I could close up his chest, so no one would try peering into his organs to detect evidence of his soul’s corruption. I could restore his human form so that he was a man again and not a patient. I would allow Tulp to dissect his functioning arm, to see the mechanism of that graceful limb, which allows a man to point and reach.

As I continued to dab my paintbrush into the Kassel earth and bone black, I recognized what was possible through this portrait. I could make a broken man whole. I added some lead white to my palette and painted on, adding details to the skin fold, until the hand was whole, moving on to adding color to the flesh so that it was pristine.

But there would be a sense of clear sacrifice in this image. The man has given up part of his serenity to serve scientia. No, to serve understanding, to provoke compassion.

As I was restoring Adriaen to his former shape, I realized that I was not painting a Christ figure at all. I was painting a Lazarus of Bethany, resurrected from death after four days in the tomb. Christ had not come soon enough. Flora had not come soon enough. Adriaen was already dead, and there was no way to save him. But we could raise him, in a way, from his deathbed and give him something else: immortality.

You hear me speak and this is one further heresy, is it not? I have not only claimed to be able to paint a Christ figure, I have claimed to
be
a Christ figure. I believe that with my crushed minerals and my linseed oil and my ground and my canvas and brush, I have the power to resurrect. This is why I should not go before that panel,
why it will be difficult to state my case. Because it’s true that I am arrogant and it’s possible that this is what I’ll say.

There is a nuance here, though, which I know that you can understand. I do not believe that I have the power to restore, the authority to resurrect. I am not a miracle maker, not I myself. No. It is art that has the power to do that job. It is art that can restore a broken body, return a dead man to life. It is the fiction created by the paintbrush, the pigments, the mathematical structure, the capacity to shine light.…

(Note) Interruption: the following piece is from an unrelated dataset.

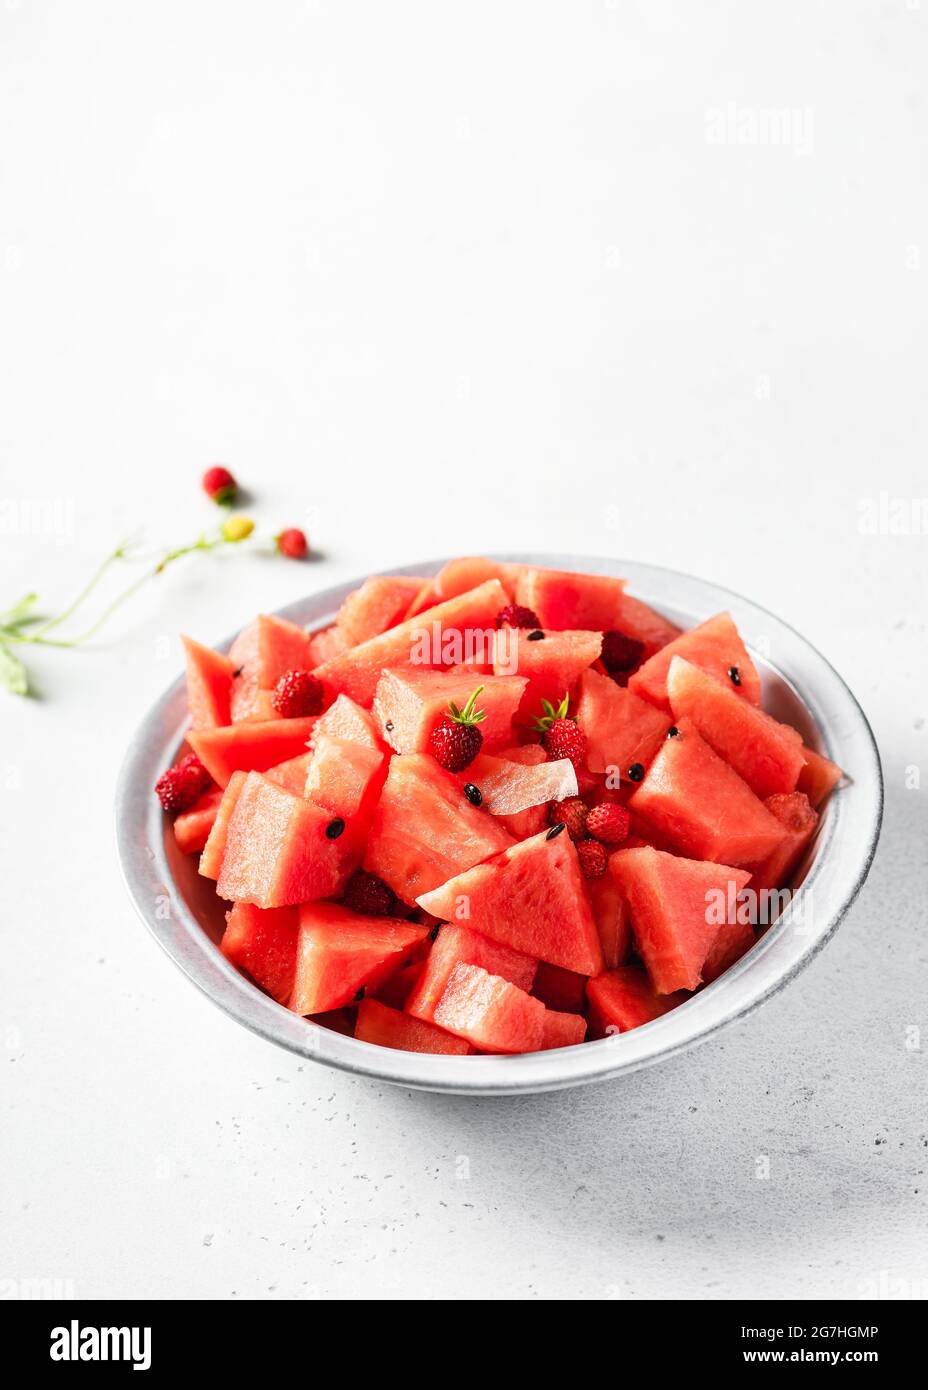 Summer fruit salad with organic watermelon and wild strawberries. Healthy food and lifestyle concept. Copy space. Stock Photo
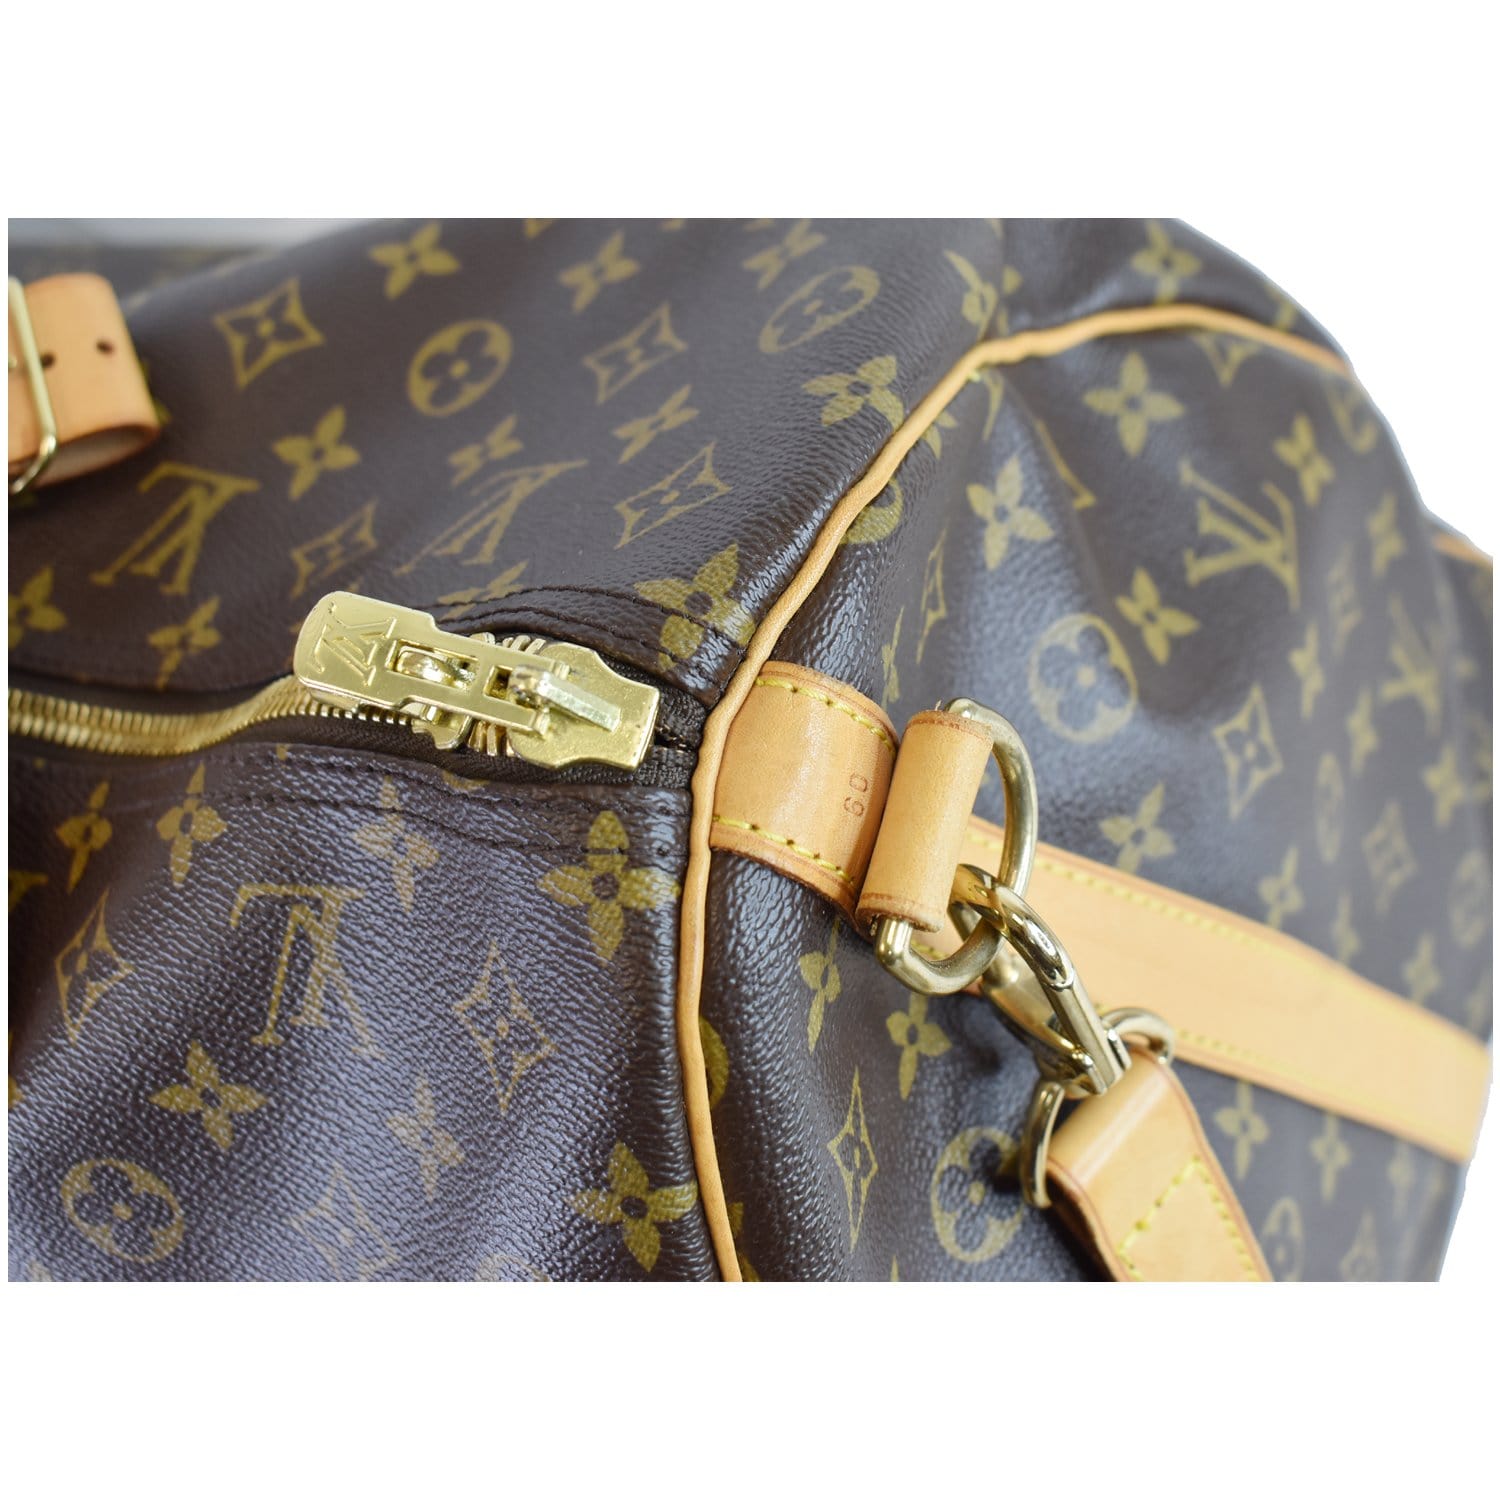 Keepall 60 Monogram Canvas Bandouliere (Authentic Pre-Owned) – The Lady Bag

My job is to serve the art, to be the hand that wields the paintbrush, the eye that is capable of seeing what needs to be presented in paint. I am a mere conduit—through which art can accomplish its aims. A few crushed minerals with oil and turpentine, some strokes of a brush, and an artist has that extraordinary ability to stop time, to reverse time, to immortalize and resurrect.

It is why people sit for portraits in the first place, isn’t it? So that they can be captured at the height of their fame or youth or wealth. A portrait can freeze time, prevent aging, remove wrinkles and imperfections, and even dispense with death altogether if the sitter manages to live on in paint. Tulp knows this. That is why he has commissioned this portrait to commemorate his lesson. But we do not choose to use this art for vanity, for superficial fixes of a man’s skin. The power of our art is wasted if we use it to subtract from reality or erase a part of life.